第94話 少し前の時間まで戻すもの

 登山を続け周囲の山より僕達のいる場所が高くなっている、半分ぐらいの所にあるなと思っていた大きなオーバーハングになっていたあたりから風の影響をモロに受けるようになってて。風の結界がゆらゆら揺れて維持するのに少しだけ魔力の消費が増えていた。

 バーニィはグラグラする浮石など怪しいものを土魔術で固定したり、僕達の手足の長さでも伸ばせる位置に持ち手となる窪みを作ったり、闇魔術の収納から取り出した鎖を岩に打ち付けるながら先行してくれた。
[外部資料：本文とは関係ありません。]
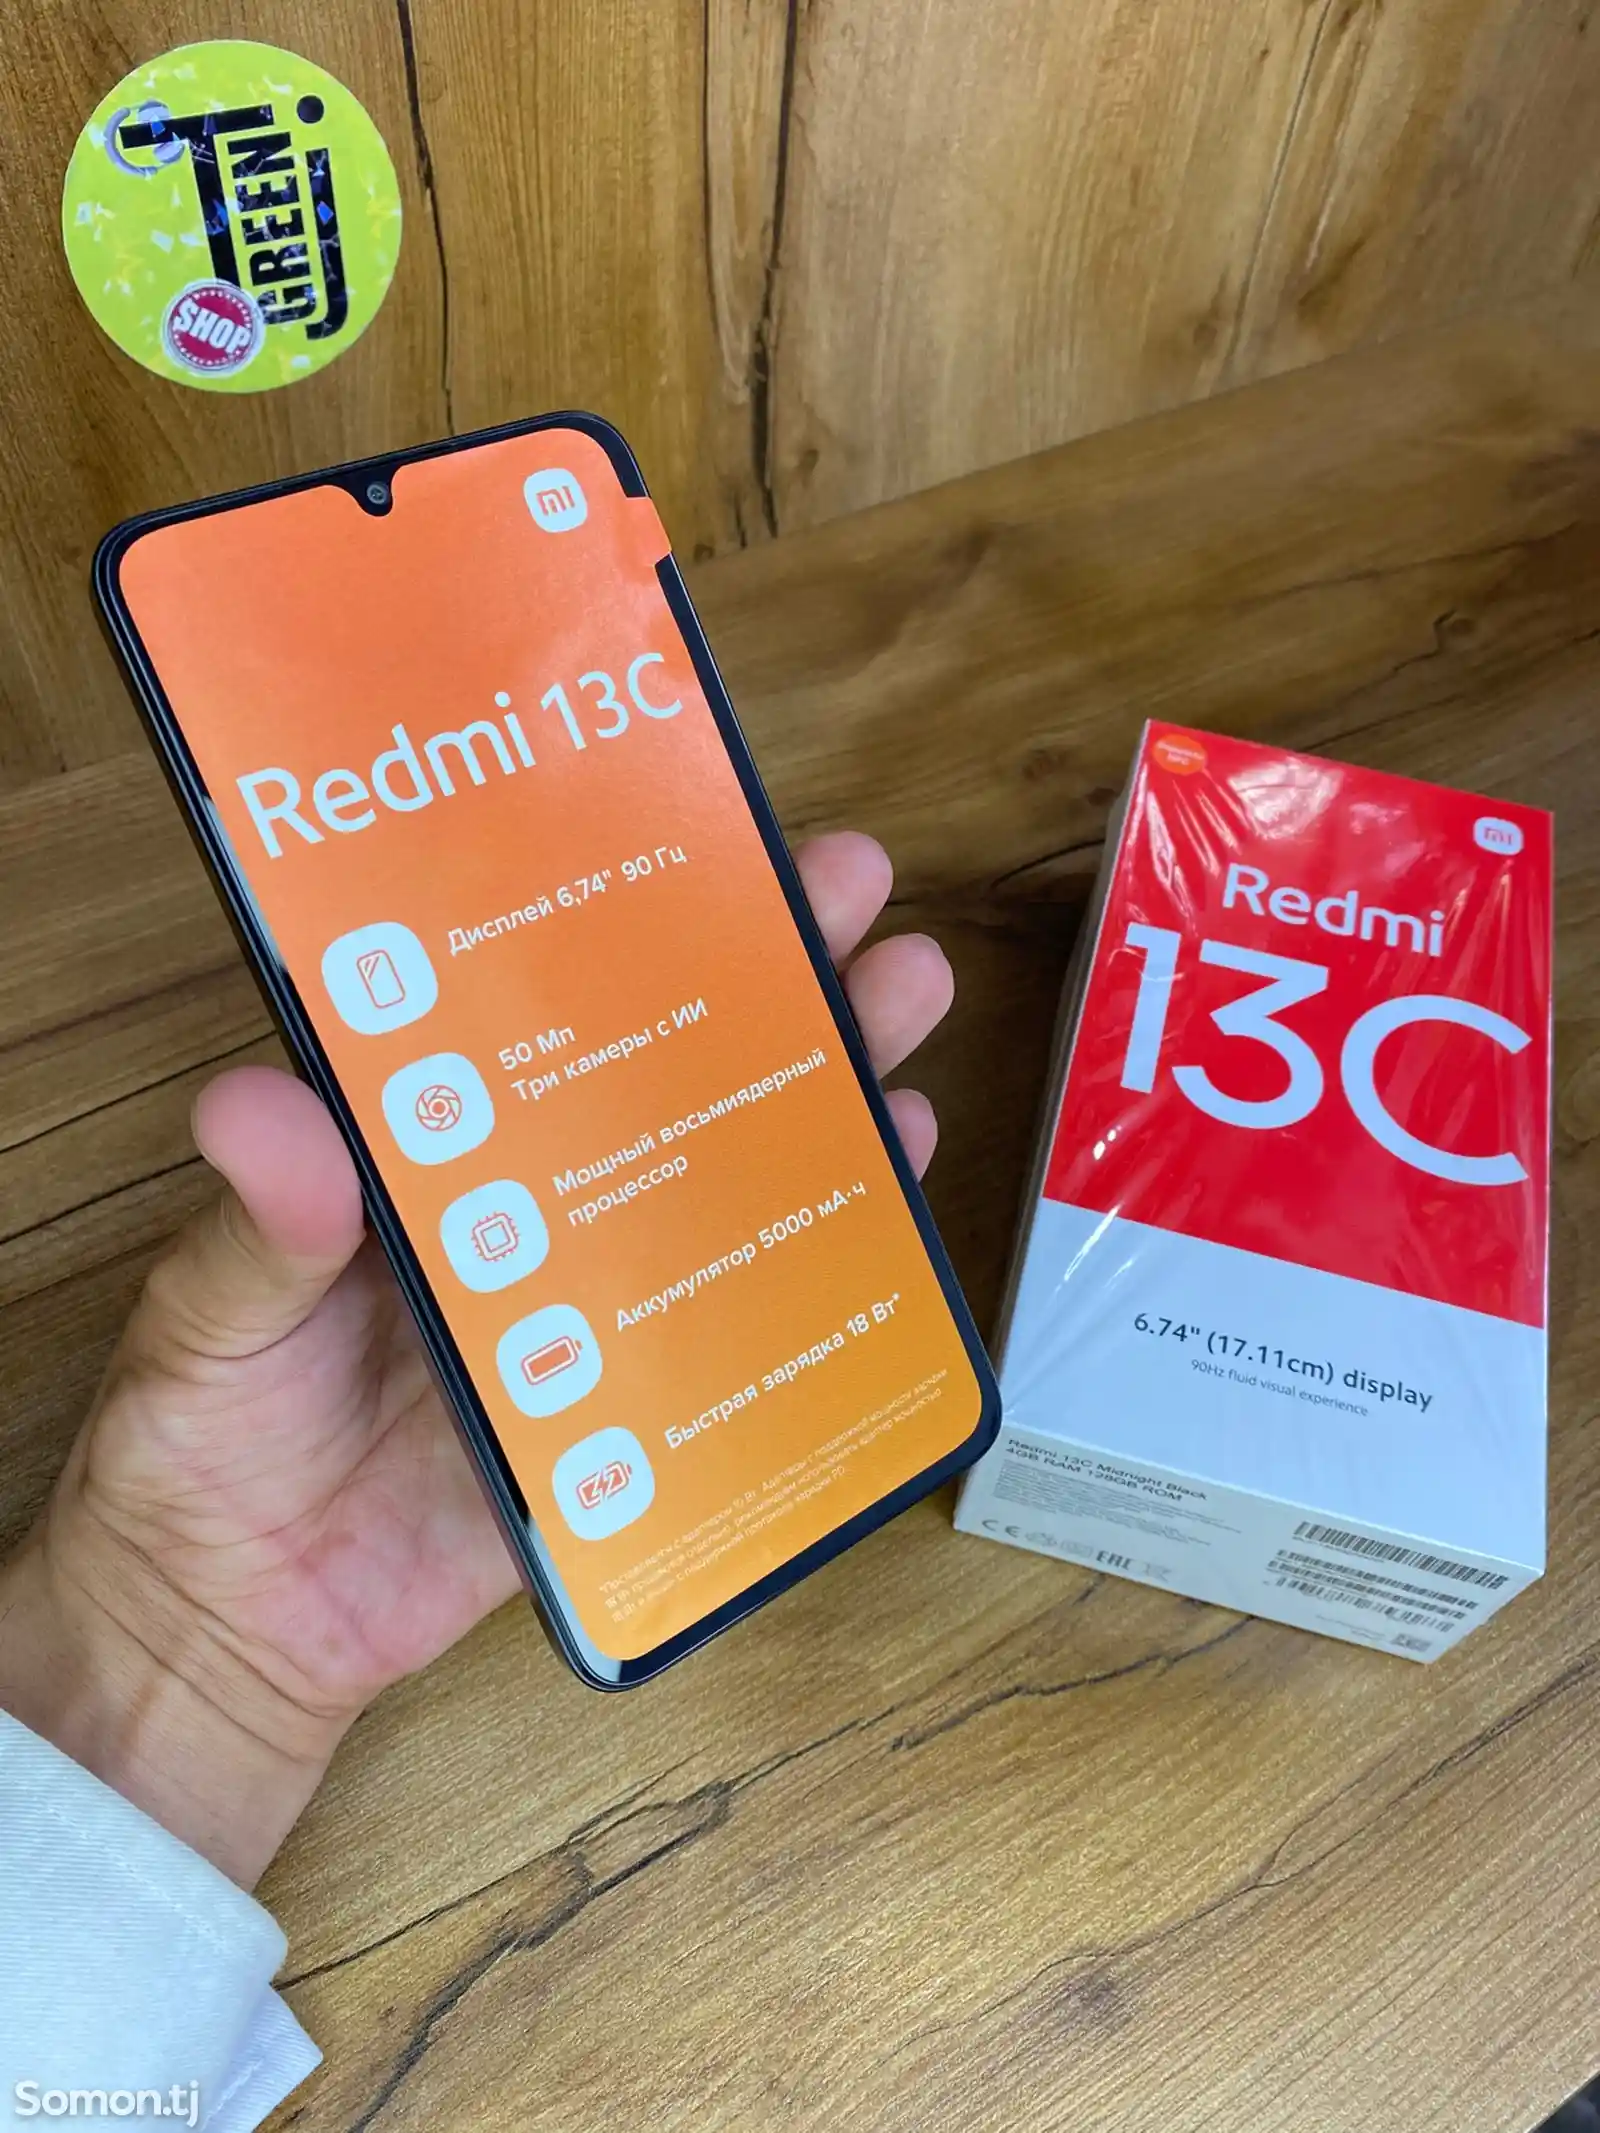 Xiaomi Redmi 13C-2

 こういうのって前世のロッククライミングの知識なのだろうか。それともこの世界にも岩壁を登る知識があるのだろうか。


 そんな事をしながらも、バーニィは身体強化の精度も高いので軽快に壁を越えていった。

 僕とフローラはバーニィが作った足跡を辿るだけでそこを越える事が出来た。


「1番の難所を越えたねぇ」

「鎖なんてどこで用意てたの?」

「王都の鍛冶屋に注文してたんだよ、未踏破の山だったら必要だと思ってね」

「どこでそんなの知ったの?」

「体が弱い分、健康になったらあれもしたいこれもしたいって知識だけは貯めてたんだよ」

「そうなんだ・・・」


 1番の難所を超えた今は多分8000mを超えているのではないかと思う。

 登っていくと風の影響は強くなるけれど雲や雪に当たる事は無くなっていた。多分雪を降らせる雲より高い所にいるからなのではないかと思う。踏みしめるのは固い氷と岩ばかりでさらっとした雪は全くないため、それを同じくバーニィが鍛冶屋に作らせていたアイゼンとピッケルに引っかけて登っていた。
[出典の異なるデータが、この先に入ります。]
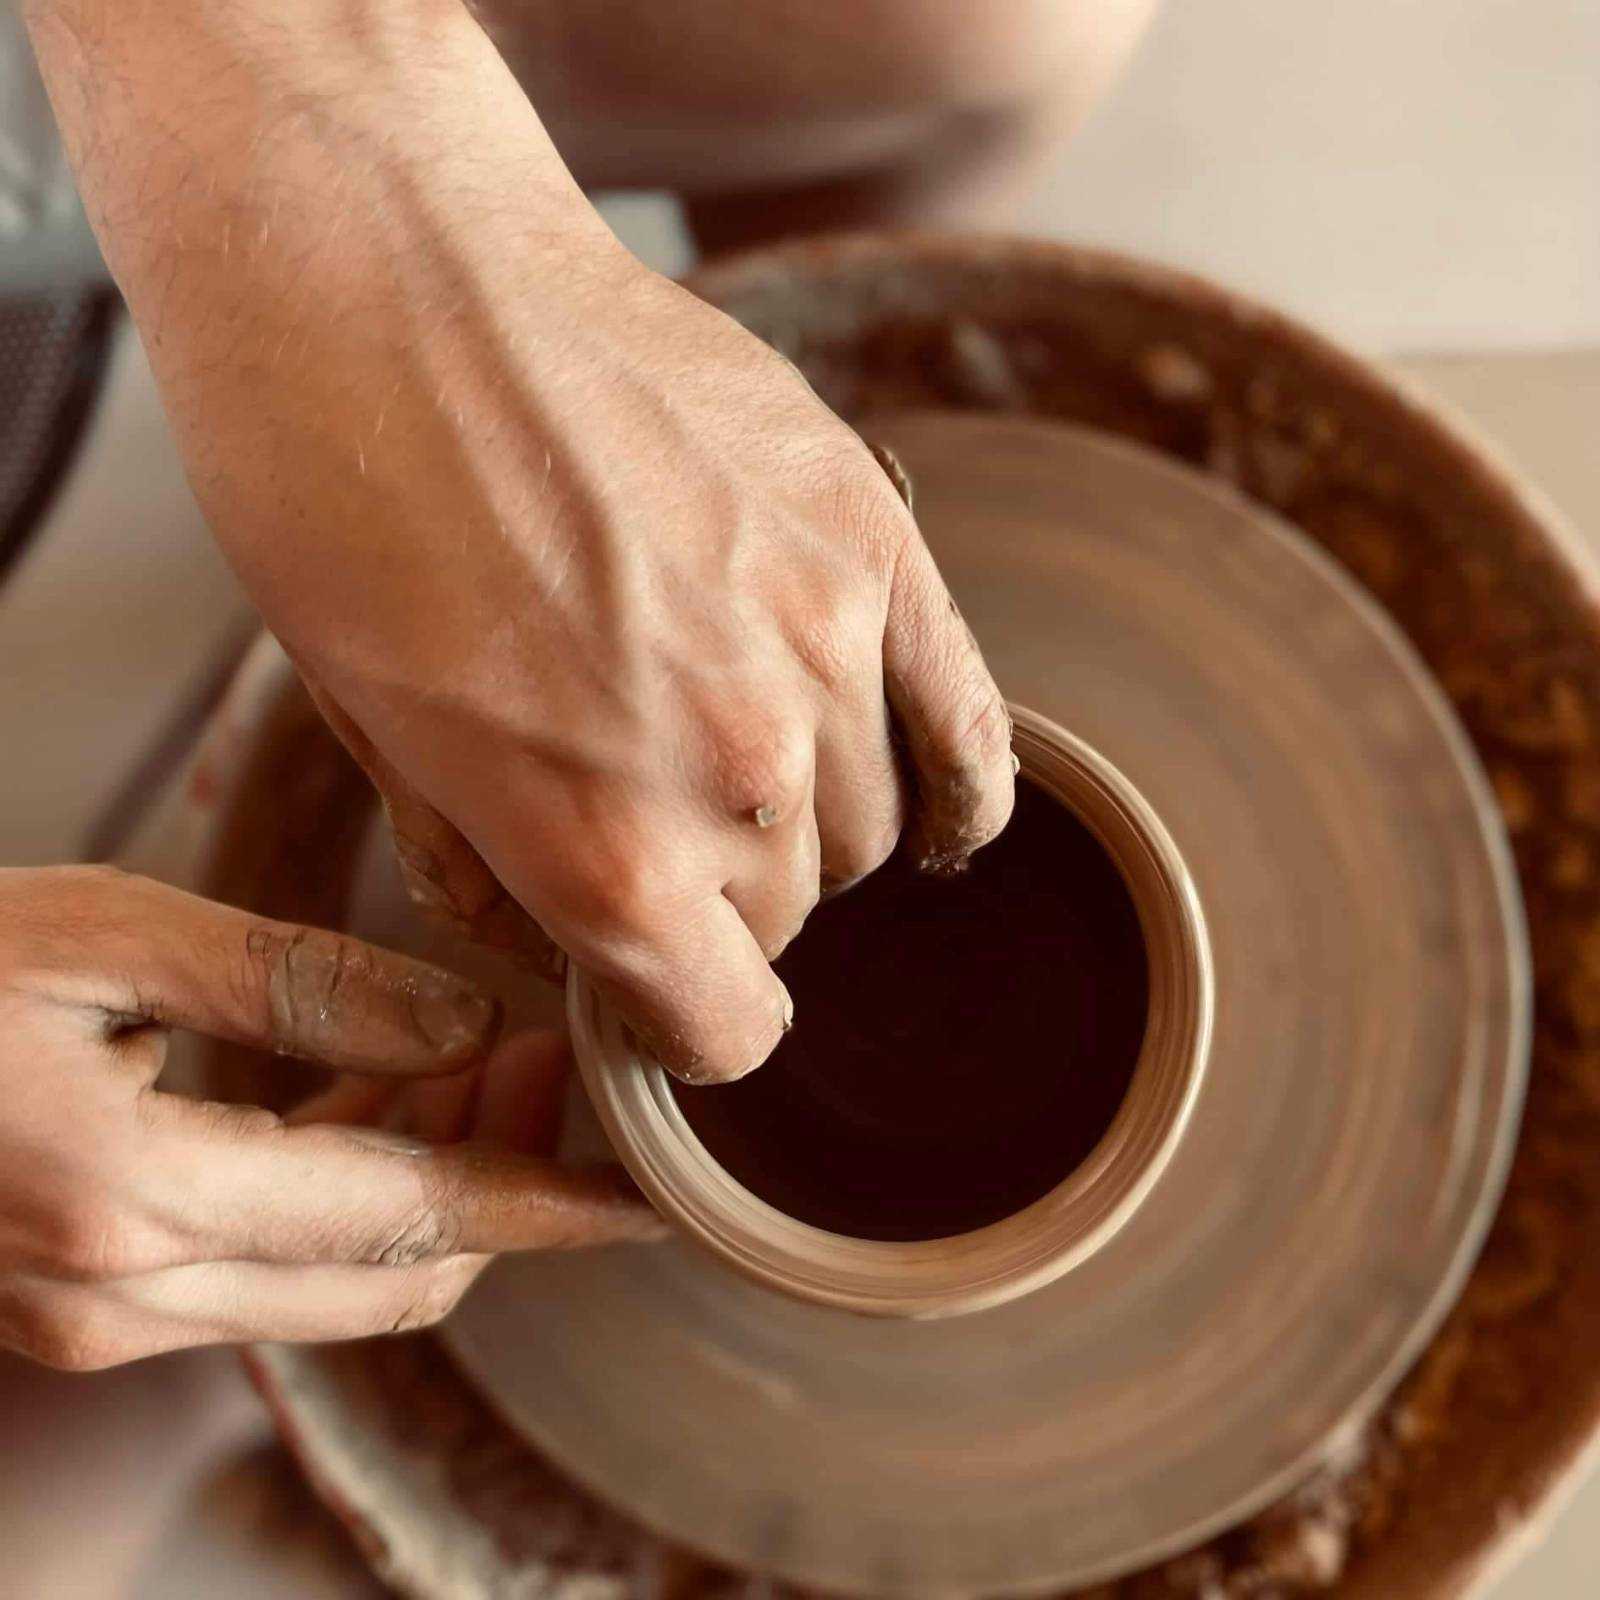 Pottery wheel experience - pottery

 これまで、落氷や雪崩にも何度か遭遇したけれど3人で全力で三重の結界を張る事で何とかなった。今はサラサラとした雪は無いので落石や落氷だけなので、雪に埋もれてしまって出るのに時間がかかるという事はもうないだろう。


「休憩!」

「風の結界を解除、空気圧縮だけにするよ」

「よろしく」


 風の結界と空気圧縮を併用しているため魔法の持ち時間は2割短くなっていた。そのため交代時間の間隔を短くして対応している。


「ふー・・・暑い・・・」

「本当だね・・・こんな登山になるなんて思わなかったよ」


 バーニィによると、空気を圧縮すると断熱圧縮という作用で暖かくなるらしい。だから僕達はかなり暖かい環境で山に登っている。

 さすがに岩や氷を触れば冷たいため、ワイバーン革のジャンプスーツと手袋をつけているのだけれど、断熱性がありすぎるため熱気がこもってしまい、時々ボタンを開けて外気を取り込んだり氷や岩に触れて体を冷やしたりする必要があるぐらいだった。


「チーたんはまだ平気?」

「チーチー!(大丈夫だよ!)」


 チーたんは岩や氷に長く止まると冷たく感じるらしいけれど、みんなの頭や肩に止まれば平気らしく元気にしている。

 結界の外は暴風なので外に出たら一瞬で逸れてしまうけど、結界内は穏やかなので僕の頭や肩に乗って「チーチー!(頑張れ!)」と声援をおくっていた。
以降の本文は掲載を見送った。